Hours of hell passed. At some point I escaped everybody and locked myself in the bathroom. There was a lot of door pounding. I sat in the Jacuzzi and ignored them. I hated my nurses. I hoped their dogs died.

When I came out I was in trouble and didn’t care.

My midwife told me to push. There was no urge, but I pushed. I kept pushing. I got in trouble for pushing when I wasn’t having a contraction.

There was a break between my contractions? I had only felt one long pain since dinner.

At 6 in the morning, because it was either pass that baby or die, my body let that baby out. He was purple and limp. Me too.

I sound heartless, but I didn’t listen for the cries, or notice the glances of the staff looking at a seemingly dead baby. I couldn’t tell it was over. I was still with the pain.

As they worked to get him breathing, I began to feel some relief. I later learned my son broke both the hospital’s record for head crown size and my pelvis.

Now we’re both fine, but can you imagine my panic when I learned I was pregnant with my daughter?

The woot bew story

December 23, 2011

My cousin Sterling and his bride Alison arrived today.

He’s turning 32 next month, but I still see him as a 4-year-old who hums the theme to Star Wars and can’t say the R sound.

Our grampa used to tease him. One afternoon Sterl wanted a root beer.

Grampa waxed confused, “Woot bew?”

Sterl was patient, “Not woot bew, Grampa, woot bew.”

Everyone tried not to laugh.

“I’ve never heard of that. What’s woot bew?”

Sterl got impatient, “Not woot bew, woot bew!”

“Honey? Do we something called woot bew?”

Tonight I asked Sterl if he remembered this. He remembers hearing about it. He’s still a little sore.

My husband said, “One day you’re going to do it to your kids.”

“I know,” Sterl said. “And that’s why.”

Pay it forward, baby. Ya gotta get revenge somewhere.

Whoops

December 22, 2011

My daughter and I went to the grocery store, and there a was an advertisement on the cart with a woman’s picture on it.

The woman had on a tragic hat, her head was painfully cocked and her eyes were opened unnaturally wide.

I don’t know what the ad was for, but it was distracting in its bizarreness. We almost walked into a rack of fruit.

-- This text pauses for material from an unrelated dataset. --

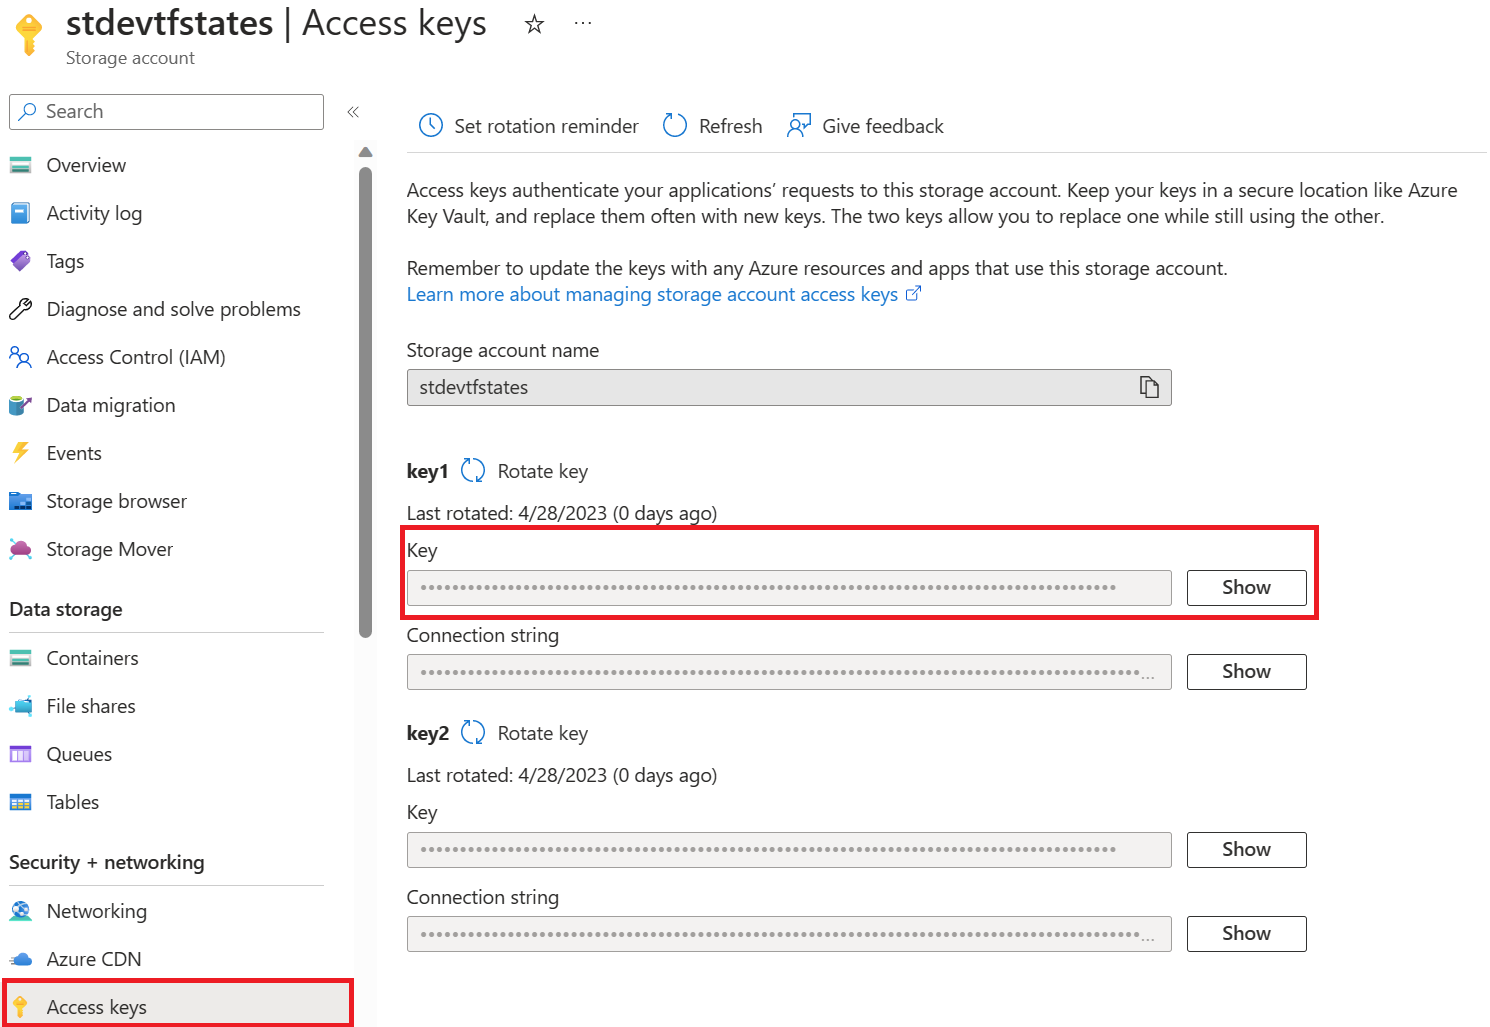 Storage account access keys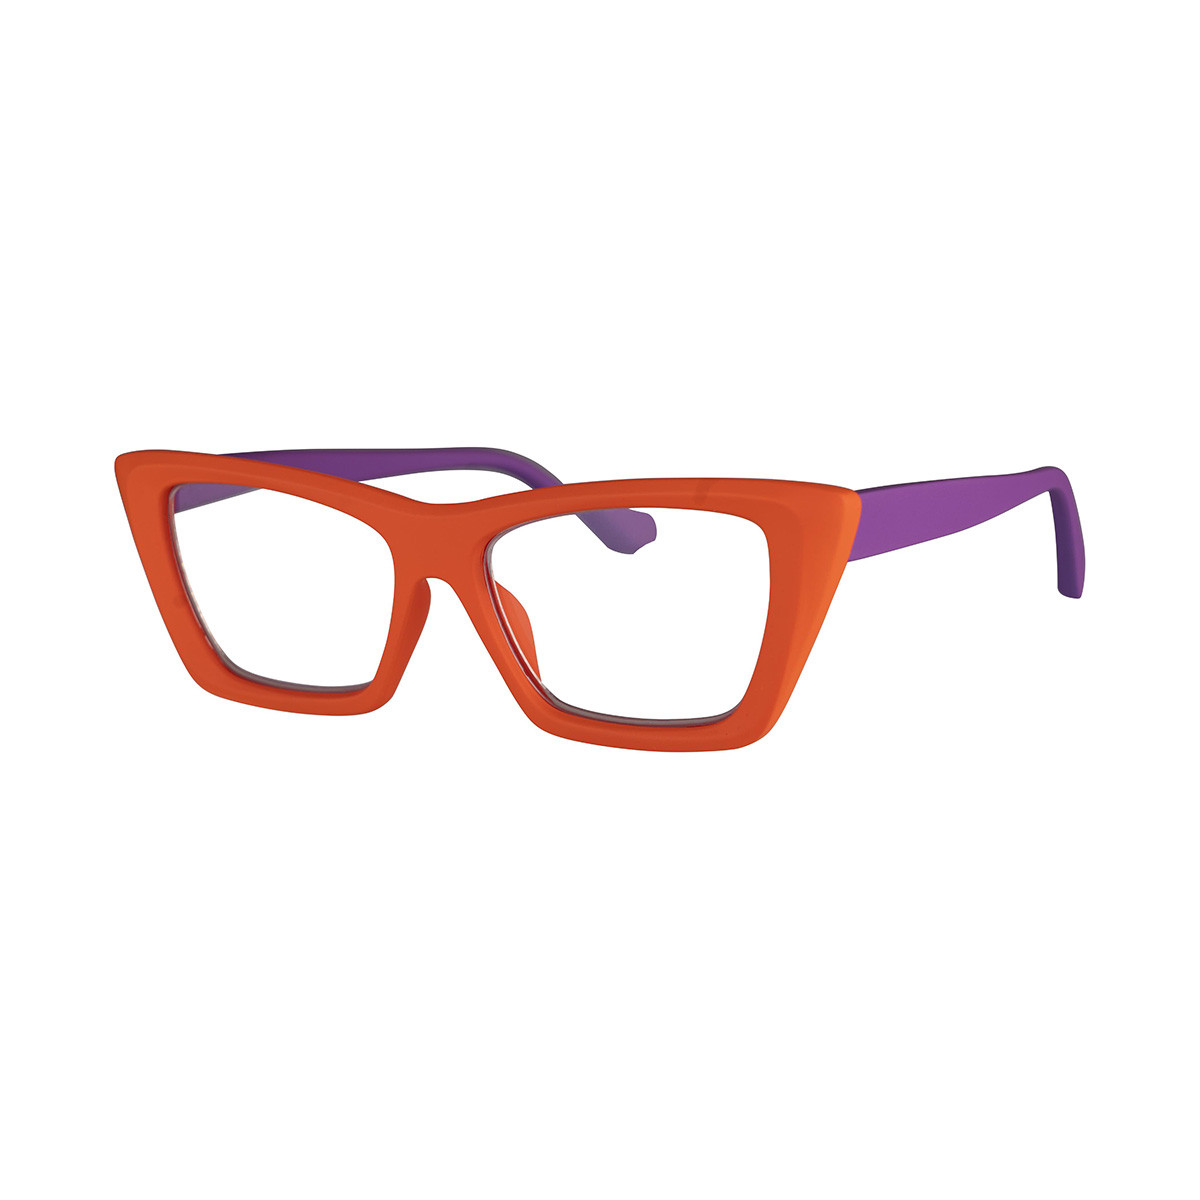 Imagen de Iaview gafa de presbicia TOPY naranja-purpura +2,00

My daughter said, “Do you imagine that woman saw this photo and approved it? Like, she had a choice, and said, ‘This is the image of me I want people to see?’”

I was wondering the same thing, and was trying to think of how to answer as we approached the kiwis.

I looked up to select some. Guess who was behind us.

I gave my daughter a small kick and a frown, and indicated the lady with my eyes, as if to say ‘ixnay.’

It seems impossible to me, though, that this doesn’t happen to her every time she shops.